## Work item
In the entries below, find the line with "Yvtk 36/2013 Yleinen" and the line with "Unisex Chef T-Shirt"; reproduce those two lines and all lines between them exactly, without pictures.

## Source material
-------------------------
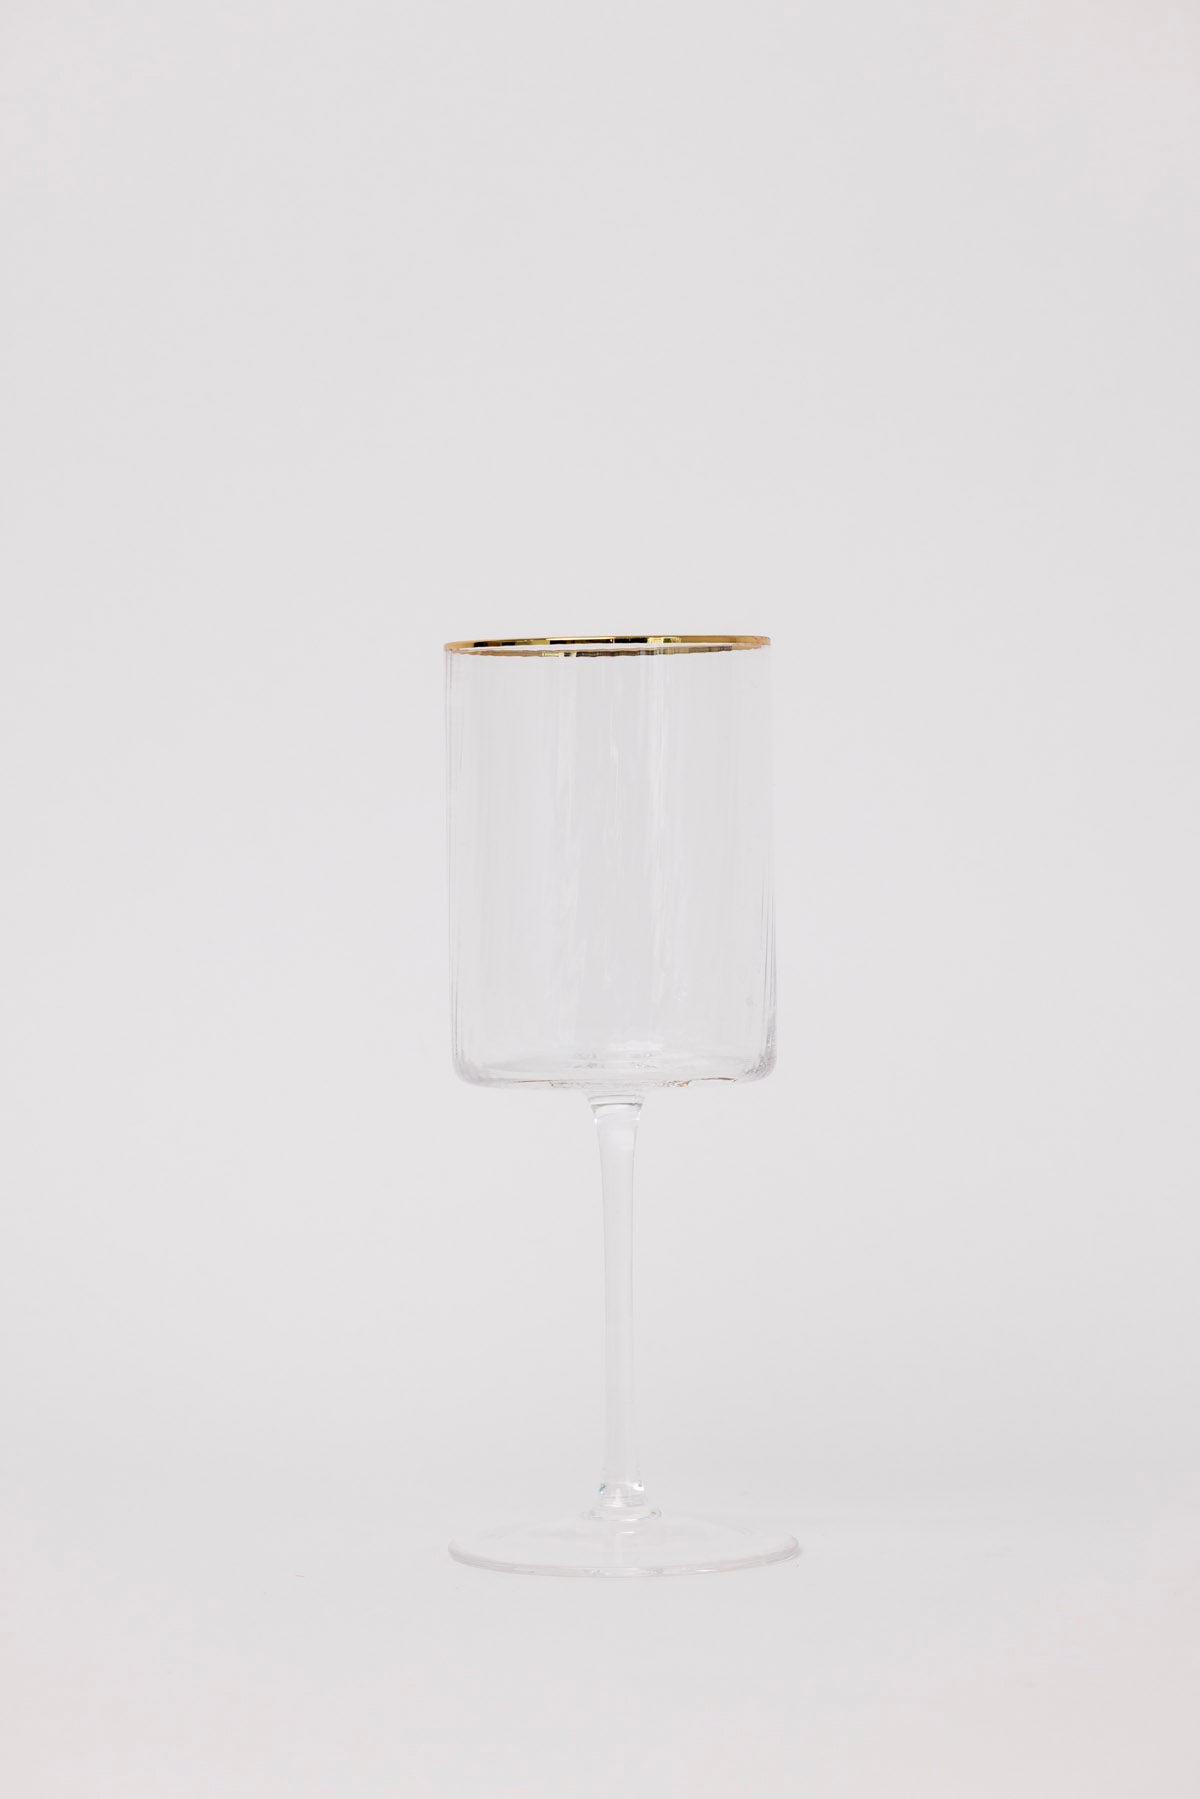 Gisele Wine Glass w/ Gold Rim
-------------------------
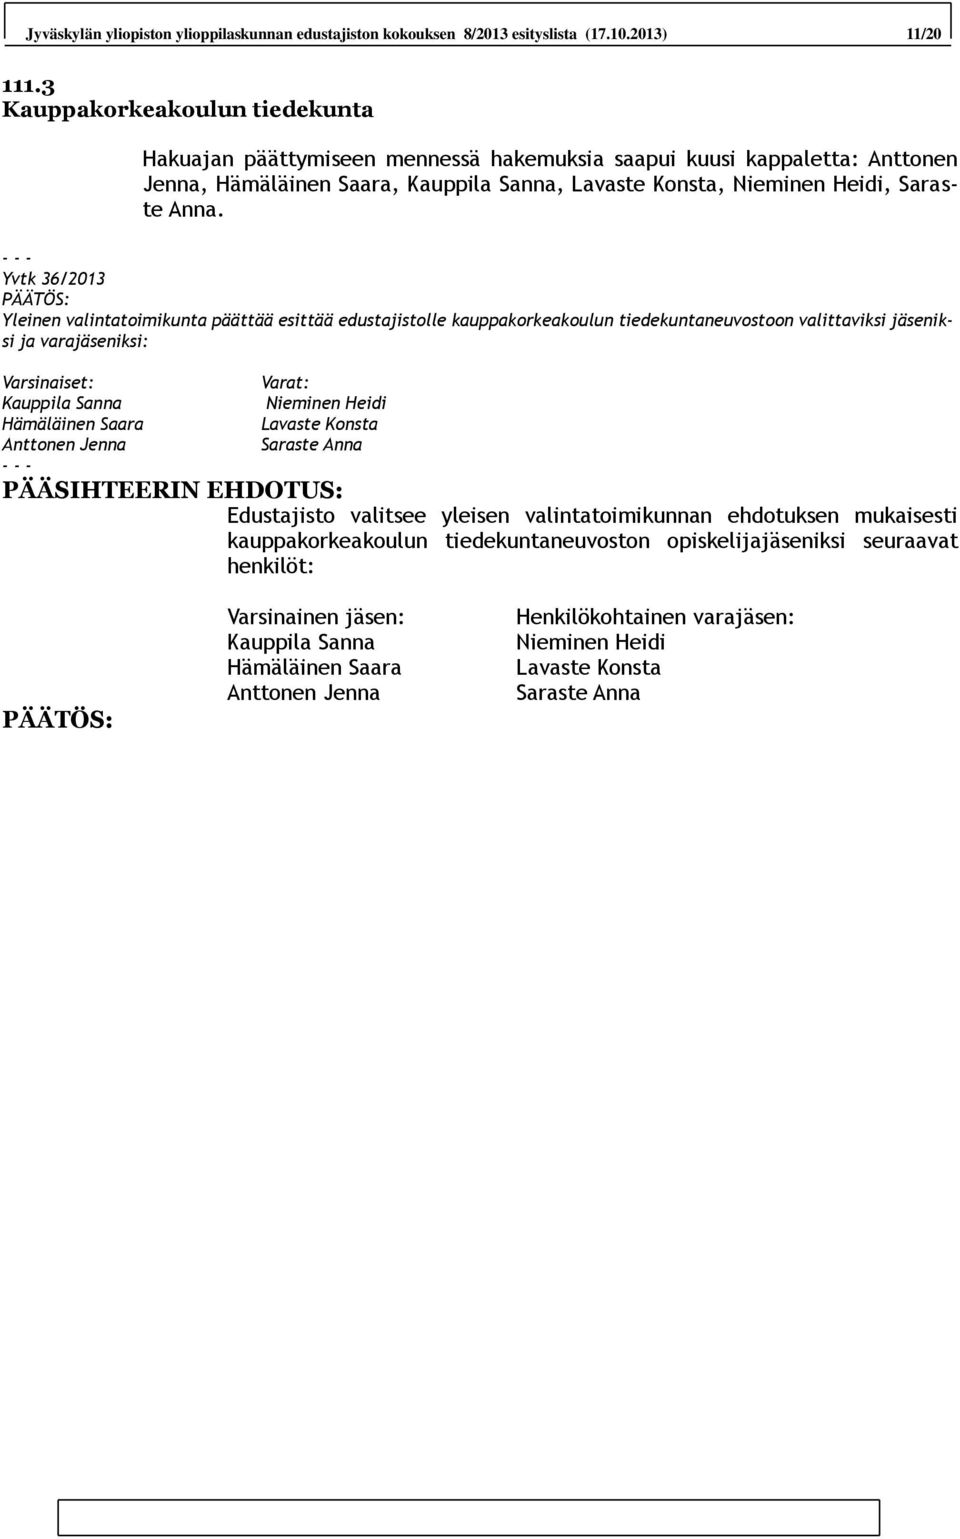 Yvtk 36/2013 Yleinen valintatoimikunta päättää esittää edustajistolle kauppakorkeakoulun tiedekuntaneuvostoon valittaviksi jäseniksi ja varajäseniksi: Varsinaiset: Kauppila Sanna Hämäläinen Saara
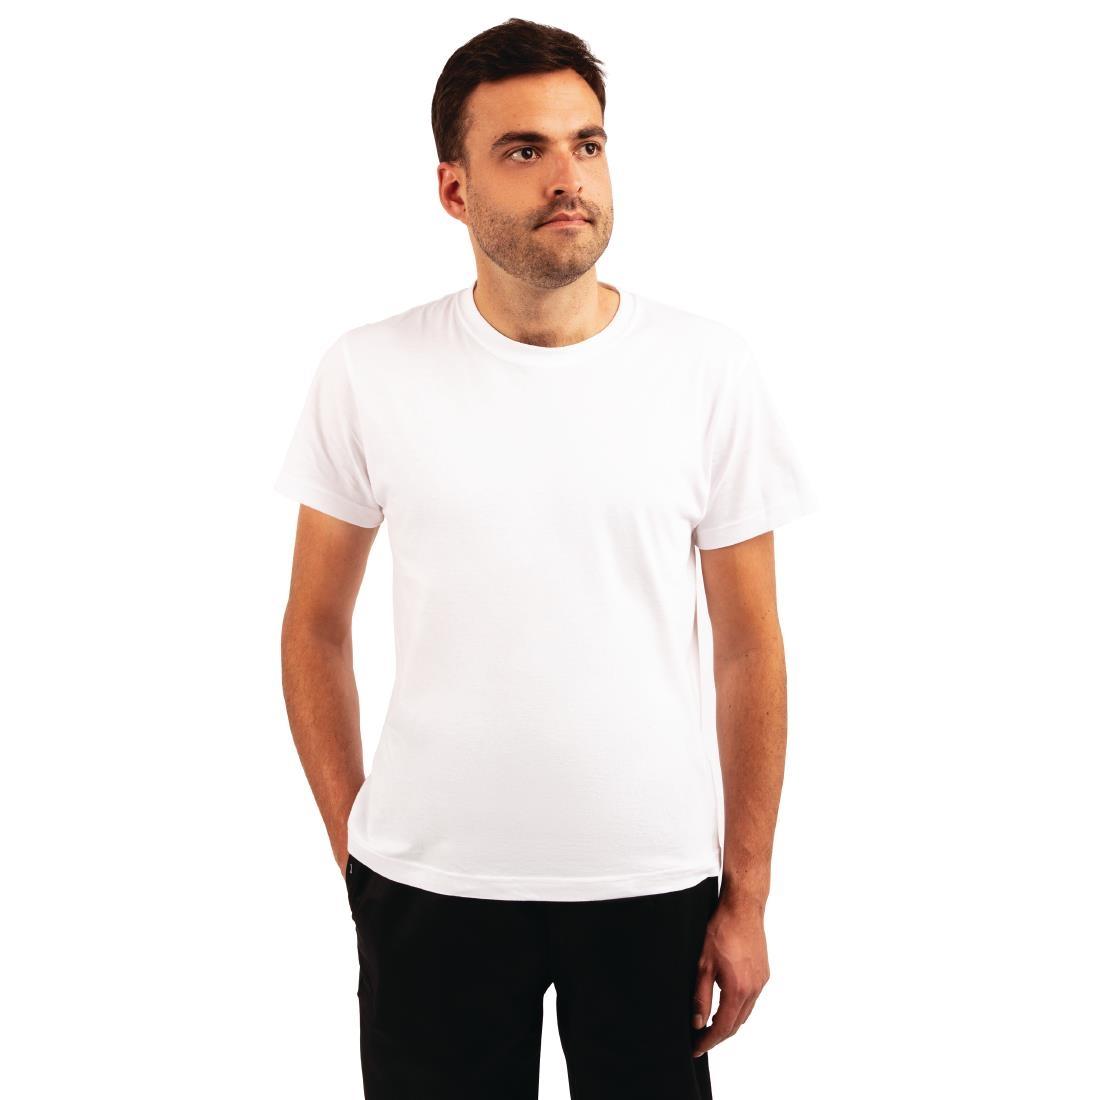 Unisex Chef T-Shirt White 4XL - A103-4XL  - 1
-------------------------
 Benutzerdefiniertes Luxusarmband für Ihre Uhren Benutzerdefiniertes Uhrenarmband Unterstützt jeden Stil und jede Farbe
-------------------------
## Task output
 Yvtk 36/2013 Yleinen valintatoimikunta päättää esittää edustajistolle kauppakorkeakoulun tiedekuntaneuvostoon valittaviksi jäseniksi ja varajäseniksi: Varsinaiset: Kauppila Sanna Hämäläinen Saara
 Unisex Chef T-Shirt White 4XL - A103-4XL  - 1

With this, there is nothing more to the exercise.